# The task
Transcribe all of the data exactly. Omit the pictures.

# Supplied material
* * * * * * * * *

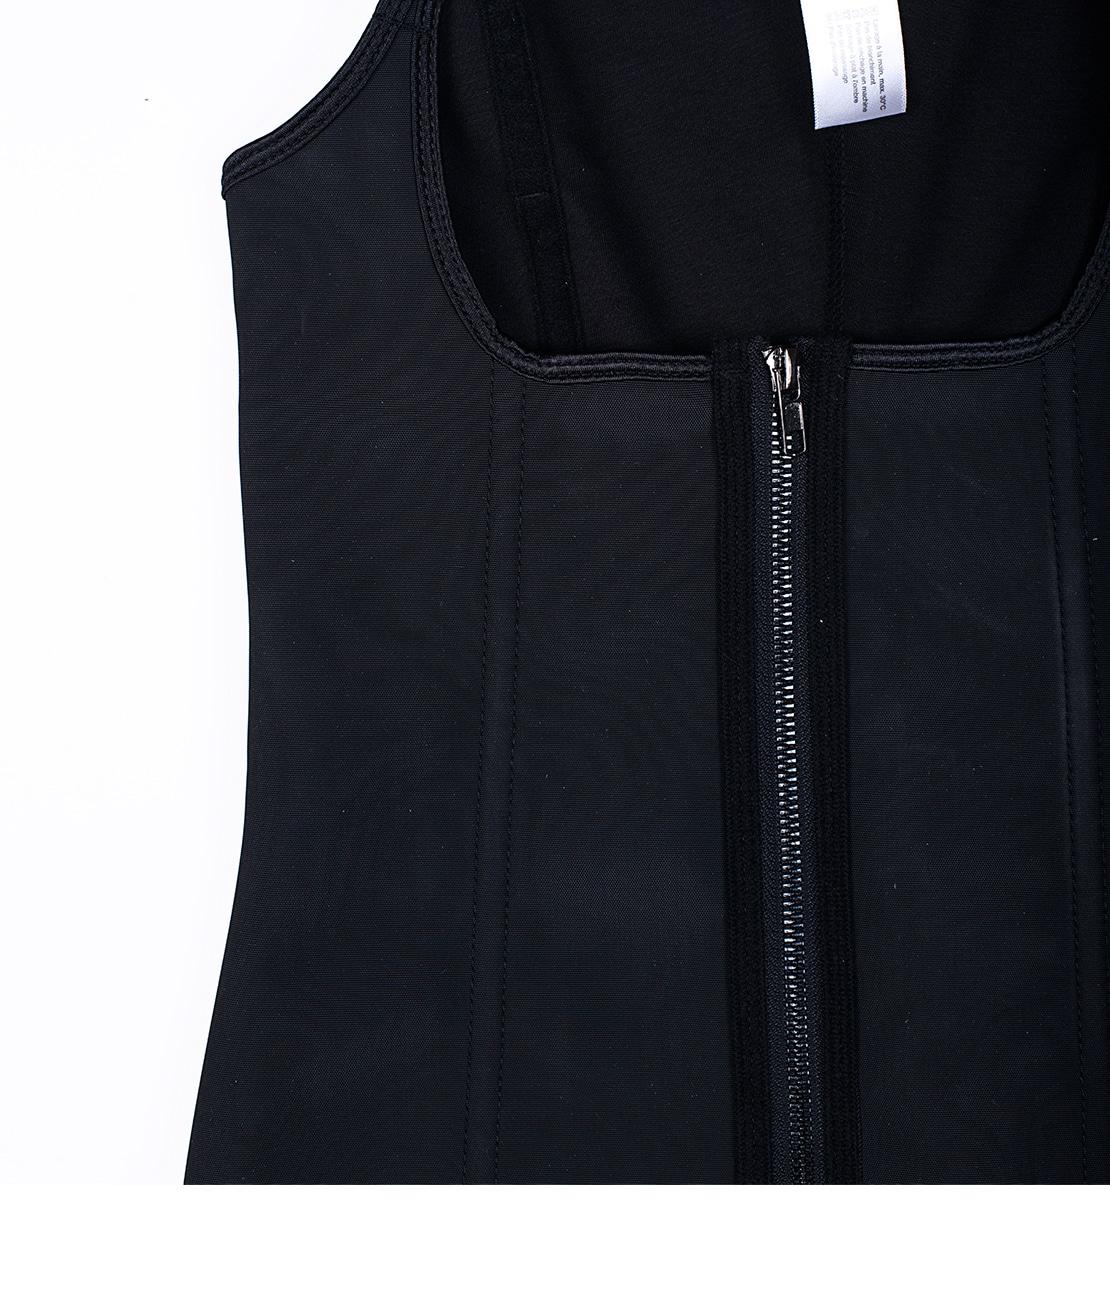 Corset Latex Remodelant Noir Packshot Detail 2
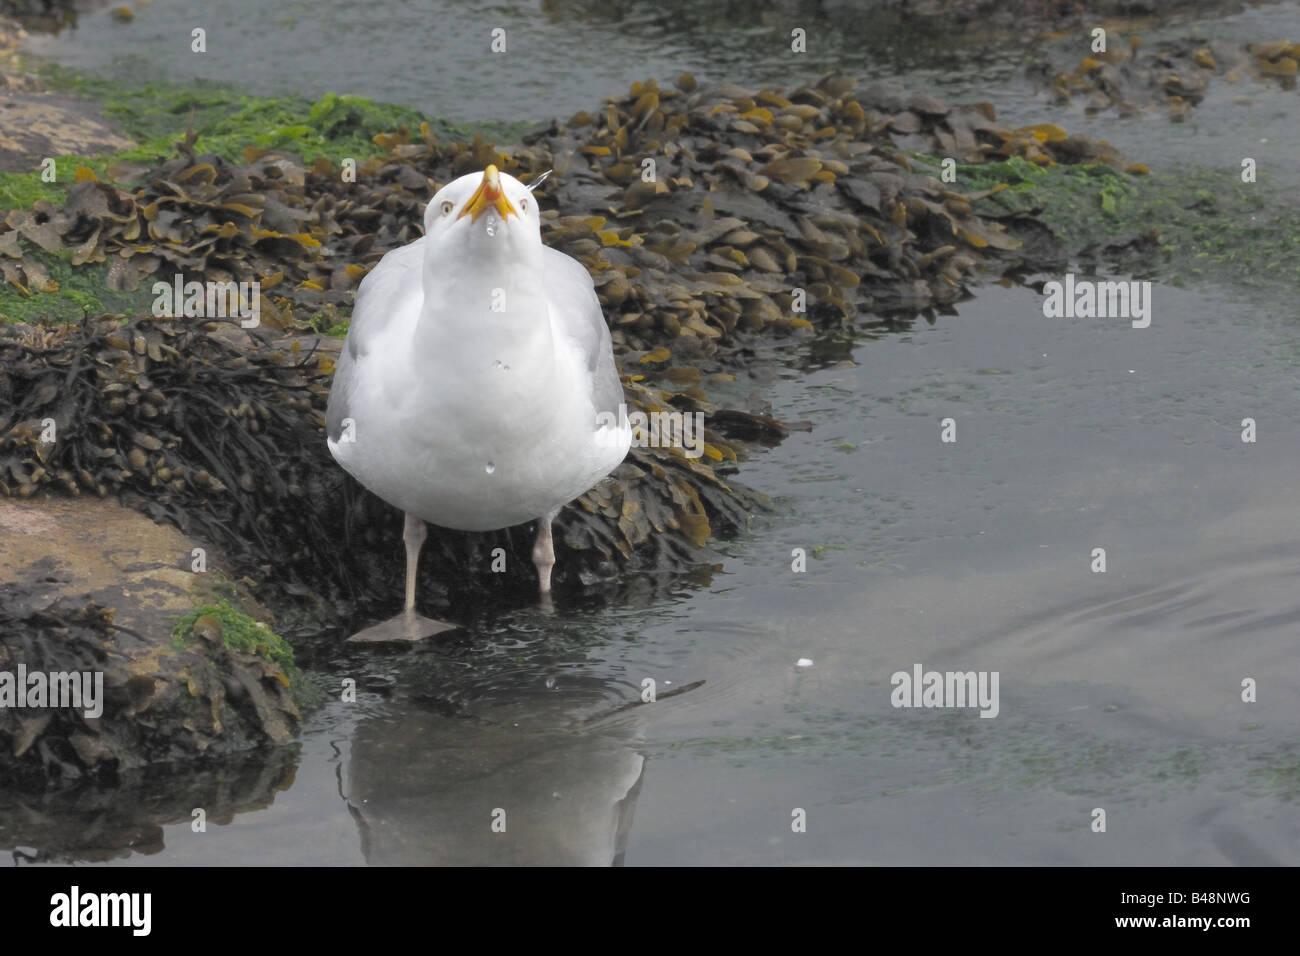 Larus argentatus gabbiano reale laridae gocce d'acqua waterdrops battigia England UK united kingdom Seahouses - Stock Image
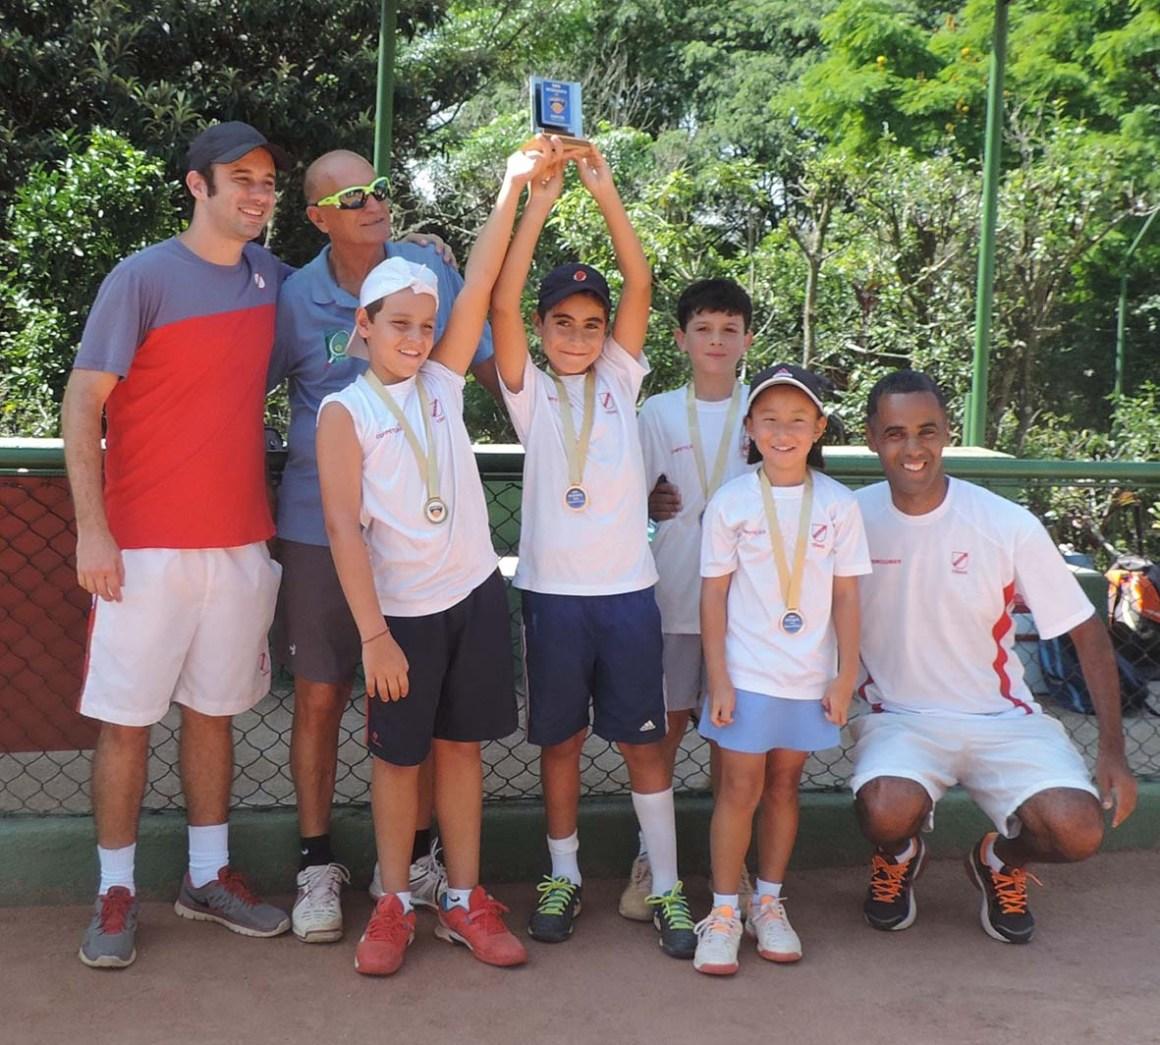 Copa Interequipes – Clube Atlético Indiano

* * * * * * * * *

# Your response
 Corset Latex Remodelant Noir Packshot Detail 2
 Larus argentatus gabbiano reale laridae gocce d'acqua waterdrops battigia England UK united kingdom Seahouses - Stock Image
 Copa Interequipes – Clube Atlético Indiano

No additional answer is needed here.